# Thank you Jesus!



## jaja111 (Dec 29, 2011)

From NWS Buffalo:

"THIS PERIOD WILL FEATURE A DISTINCT CHANGE TO COLDER...MORE 
SEASONABLE WEATHER. THE DETAILS...

IN DIFFERING DEGREES...THE 12Z EUROPEAN/GGEM/GFS ALL DEVELOP LOW 
PRESSURE NEAR THE UPPER LAKES SUNDAY...WITH ALL MODELS EVENTUALLY 
LIFTING THIS LOW INTO QUEBEC SUNDAY NIGHT. THIS IS CONSISTENT WITH 
PREVIOUS RUNS...AND INCREASES CONFIDENCE IN SIGNIFICANTLY COLDER 
TEMPERATURES EARLY NEXT WEEK. 

THE COLD AIR APPEARS TO COME IN TWO WAVES...FIRST AN INITIAL COLD 
FRONT IS FORECAST TO CROSS SUNDAY AFTERNOON OR SUNDAY NIGHT. THEN A 
SECONDARY FRONT SHOULD USHER IN THE REAL COLD AIR ON MONDAY OR 
MONDAY NIGHT. 

AHEAD OF THIS FRONT...TEMPERATURES SHOULD BE MUCH ABOVE NORMAL FOR 
THE FIRST DAY OF THE NEW YEAR. HIGH SHOULD BE IN THE 40S ACROSS MUCH 
OF THE REGION. THE FRONT WILL BRING A CHANCE OF AFTERNOON RAIN 
SHOWERS...WITH A CHANCE OF SNOW SHOWERS BEHIND THE FRONT AS COLDER 
AIR WORKS IN...AND THE THREAT FOR LAKE EFFECT COMMENCES.
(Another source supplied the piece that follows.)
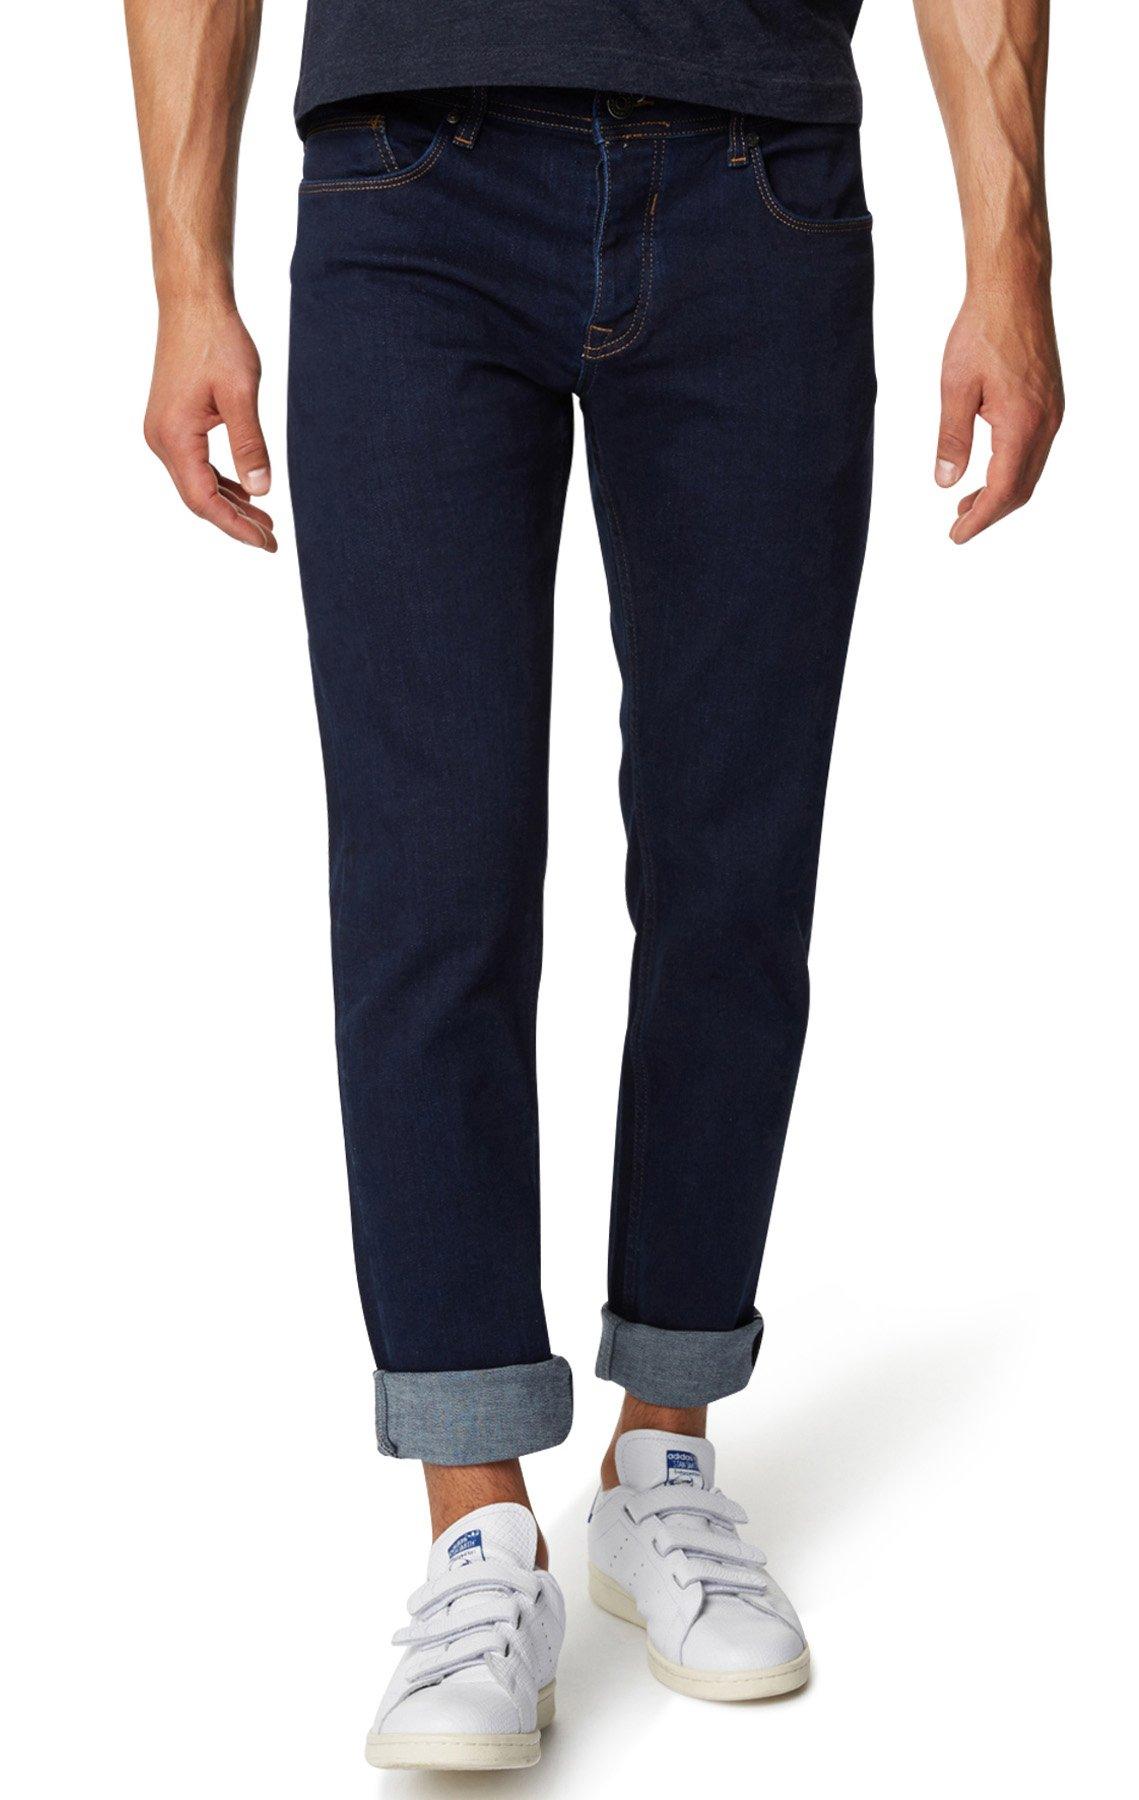 WOTEGA Men's Jeans Alistar, peacoat (3920), W38/L32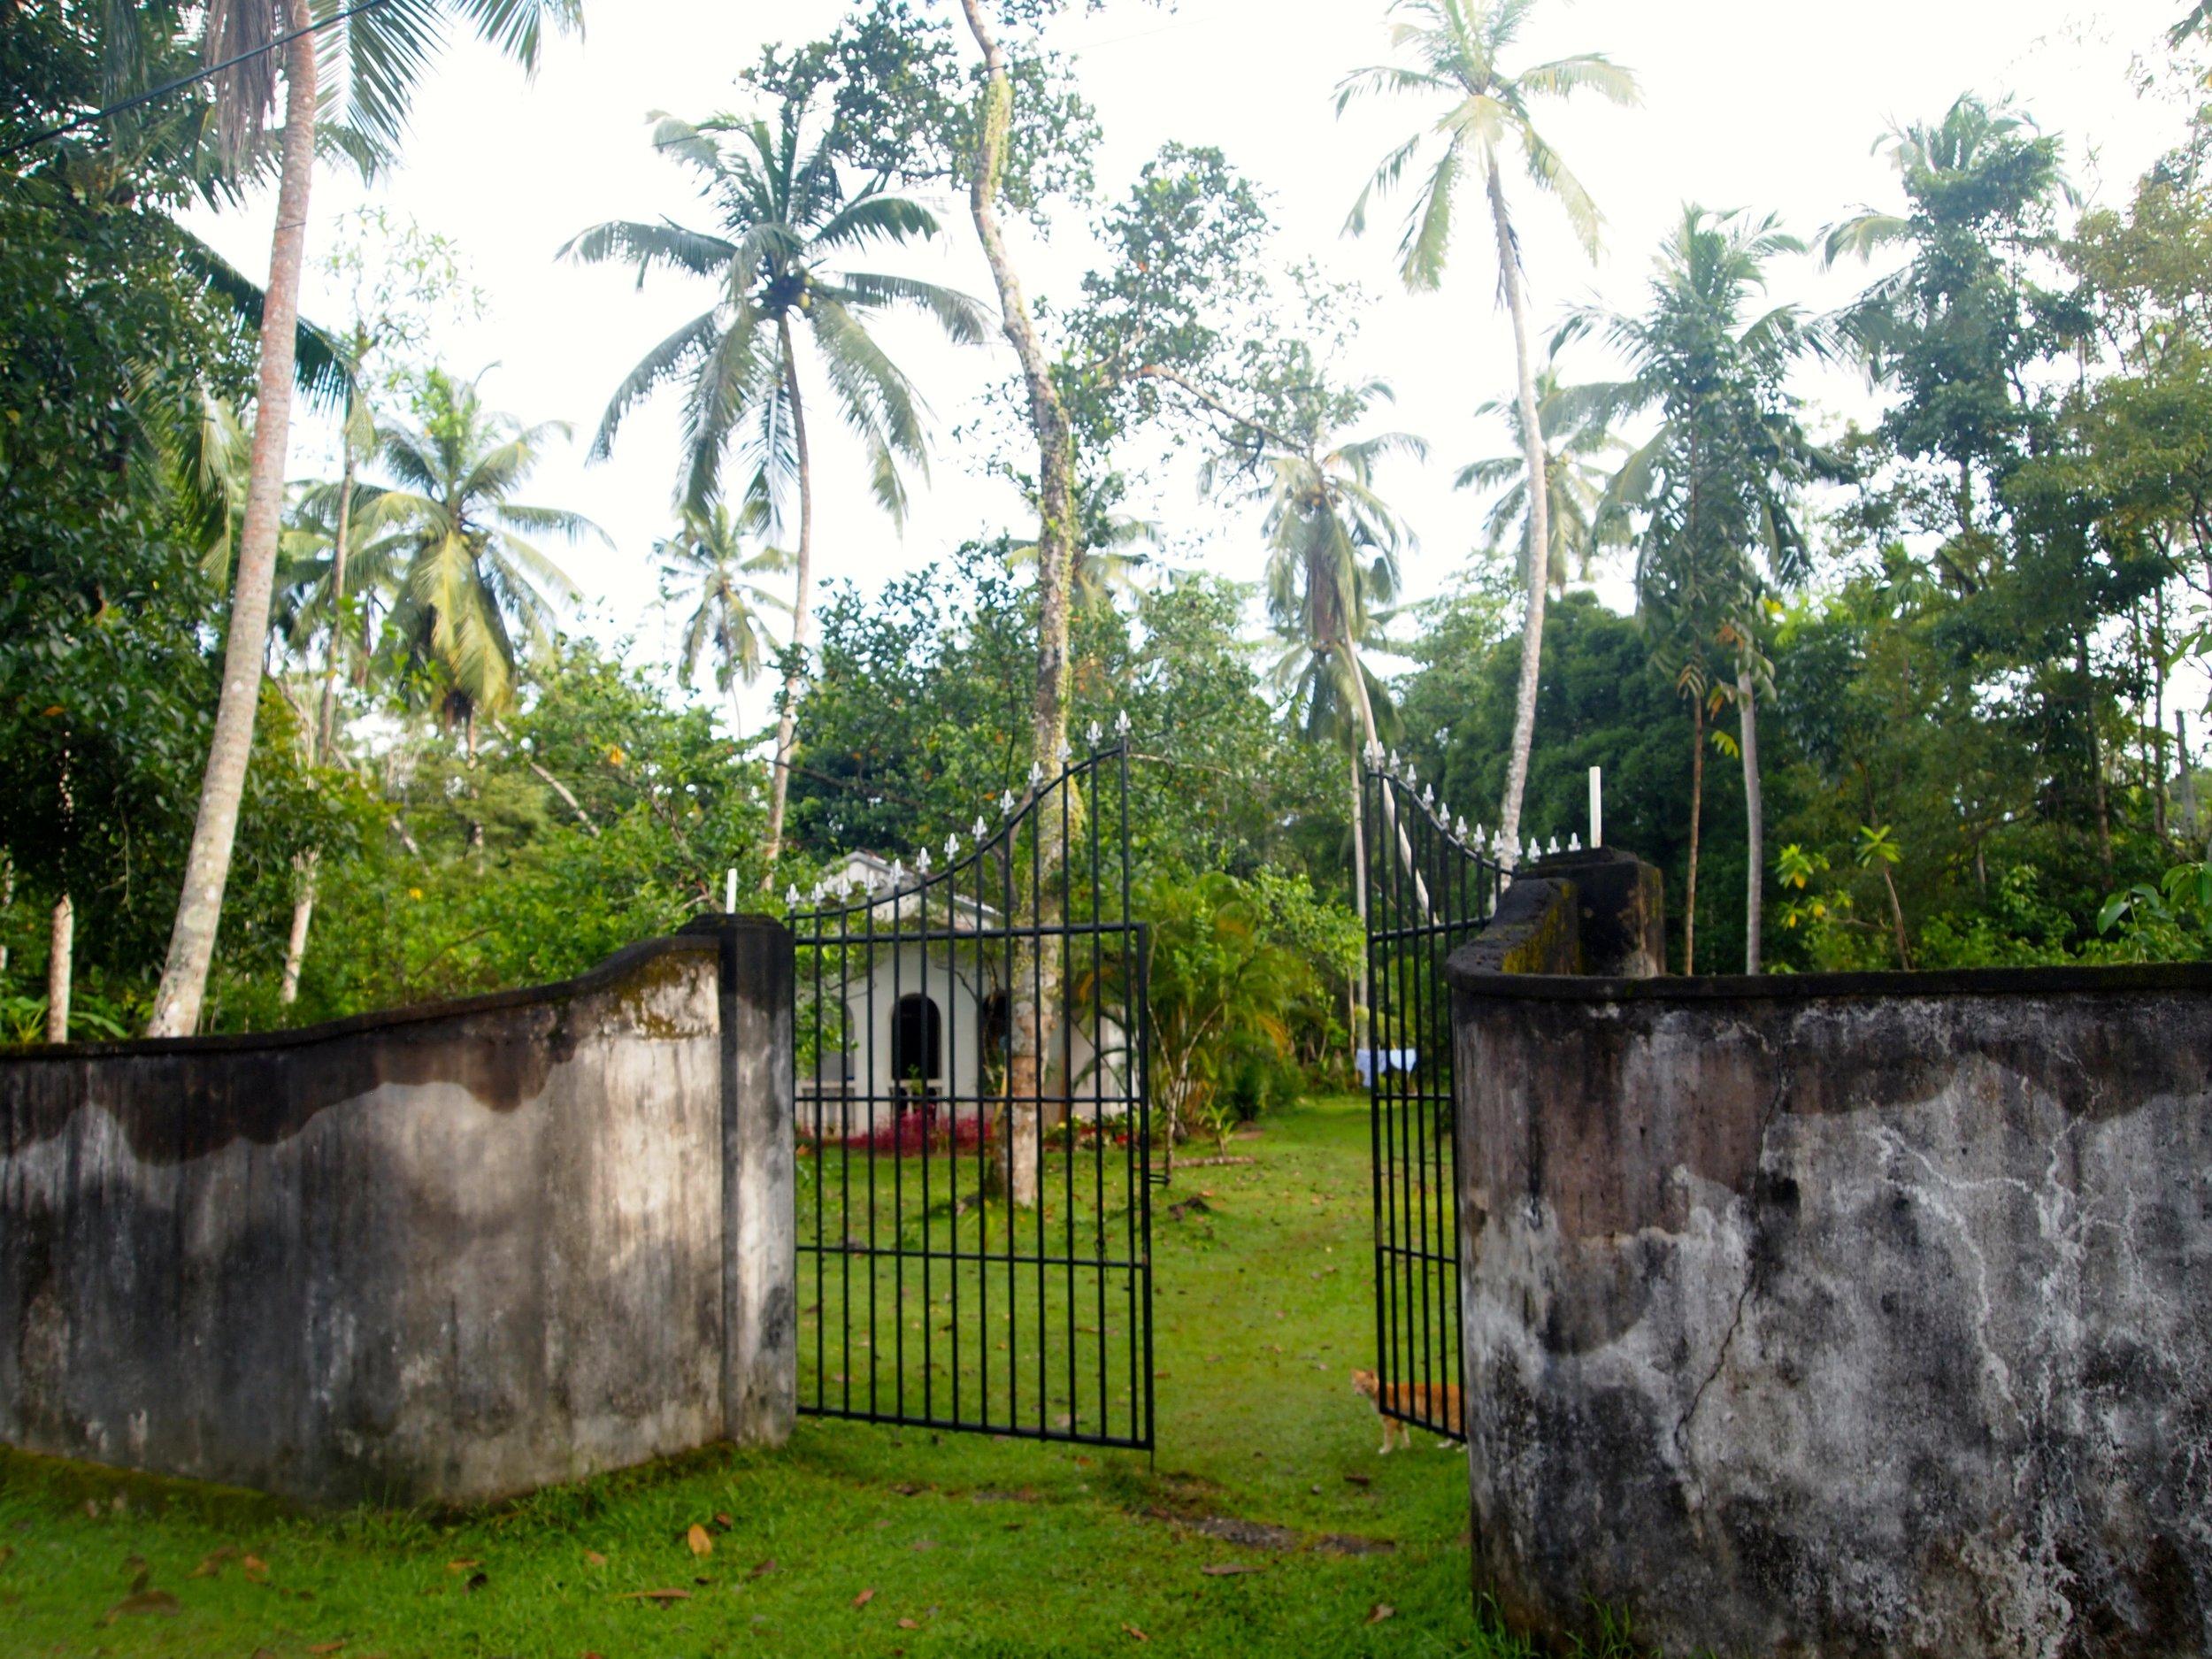 Entrance to Nisala Arana, Bentota, Sri Lanka (image by Jacqui Gibson).

TEMPERATURES SHOULD BE COLDER ON MONDAY...AND COLDER STILL ON 
TUESDAY. BY TUESDAY...EXPECT TEMPERATURES TO BE BELOW NORMAL...WITH 
HIGHS RANGING FROM THE TEENS TO LOWER 20S. FOR THE FIRST TIME THIS 
SEASON...WINDS CHILLS MAY DROP BELOW ZERO IN MANY LOCATIONS ON 
MONDAY AND/OR TUESDAY NIGHTS. 

WITH THE COLDER TEMPERATURES...THERE WILL ALSO BE THE POTENTIAL FOR 
PERSISTENT LAKE EFFECT SNOWS.  MODELS DIFFER QUITE A BIT ON WIND 
DIRECTION AND SPEED...SO ITS DIFFICULT TO GET TOO SPECIFIC ON 
LOCATIONS...OTHER THAN THE TYPICAL LAKE EFFECT AREAS WOULD BE THE 
MOST LIKELY LOCATIONS TO WATCH. FOR NOW...WILL CARRY CHANCE POPS 
MONDAY AND TUESDAY. HIGH PRESSURE IS FORECAST TO BUILD ACROSS THE 
REGION BY WEDNESDAY...WITH DRY BUT COOL WEATHER EXPECTED."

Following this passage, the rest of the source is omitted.